For the last 22 years, Dr. Pepperberg has been teaching Alex, who is 23, to do complex tasks of the sort that only a few nonhuman species -- chimpanzees, for instance -- have been able to perform. But unlike those other creatures, Alex can talk, or at least, he can vocalize. And, Dr. Pepperberg says, Alex doesn't just imitate human speech, as other parrots do -- Alex can think. His actions are not just an instinctive response, she says, but rather a result of reasoning and choice.
Assertions like Dr. Pepperberg's are at the center of a highly emotional debate about whether thought is solely the domain of humans, or whether it can exist in other animals. Although many people are intrigued by the idea that animals may be capable of some form of abstract reasoning and communication, scientists often ascribe what looks like clever behavior to mimicry or rote learning or even, in some cases, unconscious cues by a trainer.

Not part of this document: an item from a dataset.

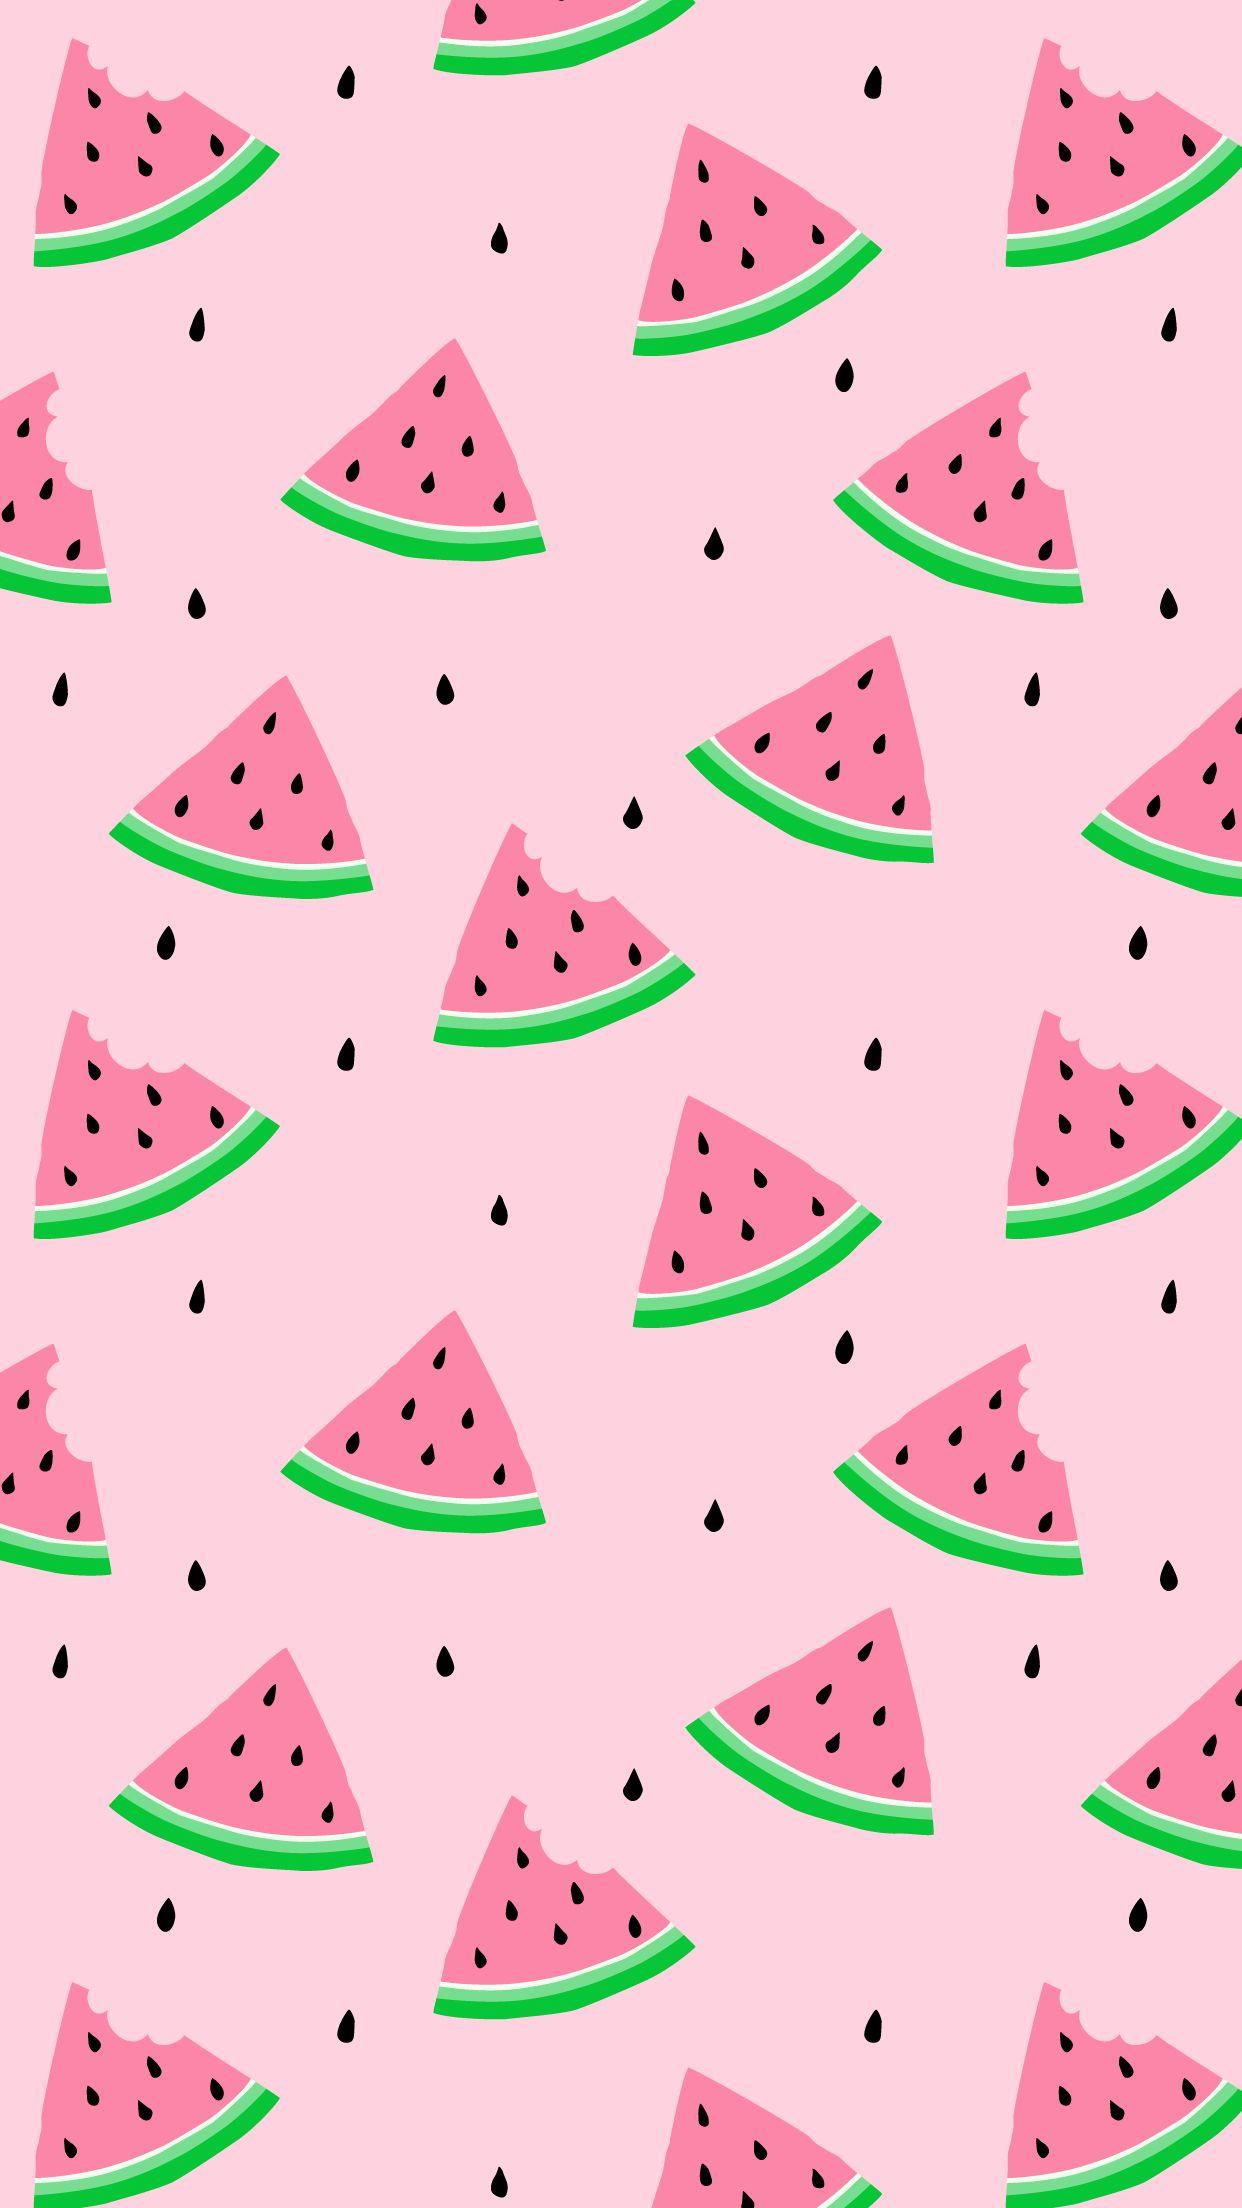 Watermelon wallpaper Watermelon wallpaper, Cute

Dr. Pepperberg, listing Alex's accomplishments, said he could identify 50 different objects and recognize quantities up to 6; that he could distinguish 7 colors and 5 shapes, and understand "bigger," "smaller," "same" and "different," and that he was learning the concepts of "over" and "under." Hold a tray of different shapes and colored objects in front of him, as Dr. Pepperberg was doing the other day as a reporter watched, and he can distinguish an object by its color, shape and the material it is made of. (Dr. Pepperberg said she frequently changed objects to make sure Alex wasn't just memorizing things and that she structured experiments to avoid involuntary cues from his examiner).